The Center for Bits and Atoms (CBA) was established in 2001 in the MIT Media Lab at the Massachusetts Institute of Technology. It is currently run by Neil Gershenfeld. This cross-disciplinary center broadly looks at the intersection of information to its physical representation.

From the original NSF proposal:

MIT's Center for Bits and Atoms is an ambitious interdisciplinary initiative that is looking beyond the end of the Digital Revolution to ask how a functional description of a system can be embodied in, and abstracted from, a physical form. These simple, profound questions date back to the beginning of modern manufacturing and before that to the origins of natural science, but they have revolutionary new implications that follow from the recognition of the computational universality of physical systems.

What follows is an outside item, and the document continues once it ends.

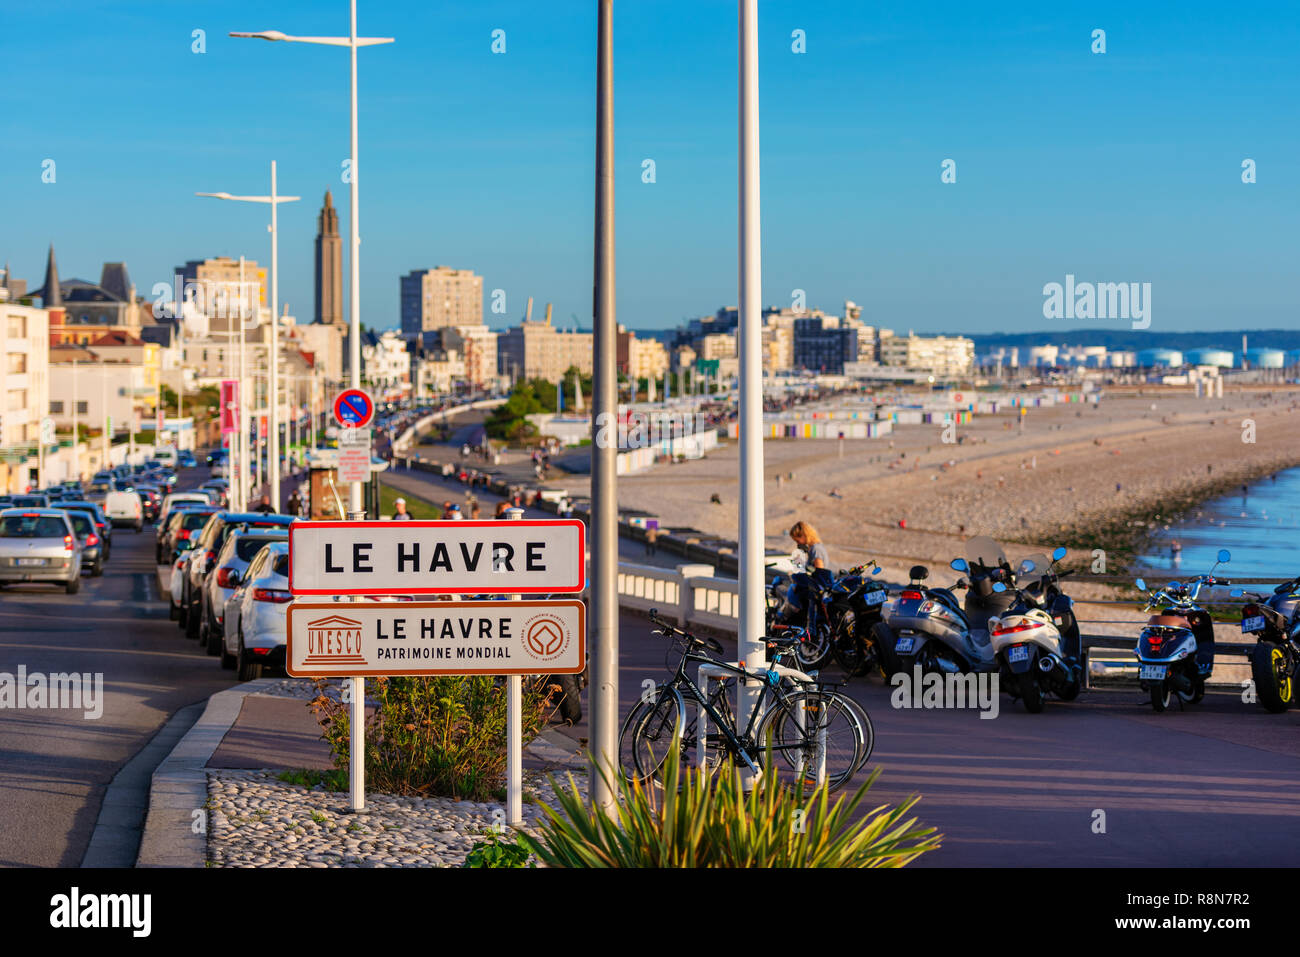 Panneau d'entrée du Havre, Normandie, France. Depuis 2005, le centre-ville du Havre a été déclaré site du patrimoine mondial de l'UNESCO. Banque D'Images

We can no longer afford to ignore nature's capabilities that have been neglected by conventional digital logic; it is at the boundary between the content of information and its physical representation that many of science's greatest technological, economic, and social opportunities and obstacles lie.

==Research==
One of the early projects of the Center that has grown to become a global meme was the Fab lab—a model lab that could be set up quickly and inexpensively to provide basic fabrication capability for rapid prototyping of almost anything. The idea was that these labs would become easy enough to create that they could be set up almost anywhere in the world, and could be both self-sufficient and of use to the local community to support whatever engineering or fabrication projects they could imagine.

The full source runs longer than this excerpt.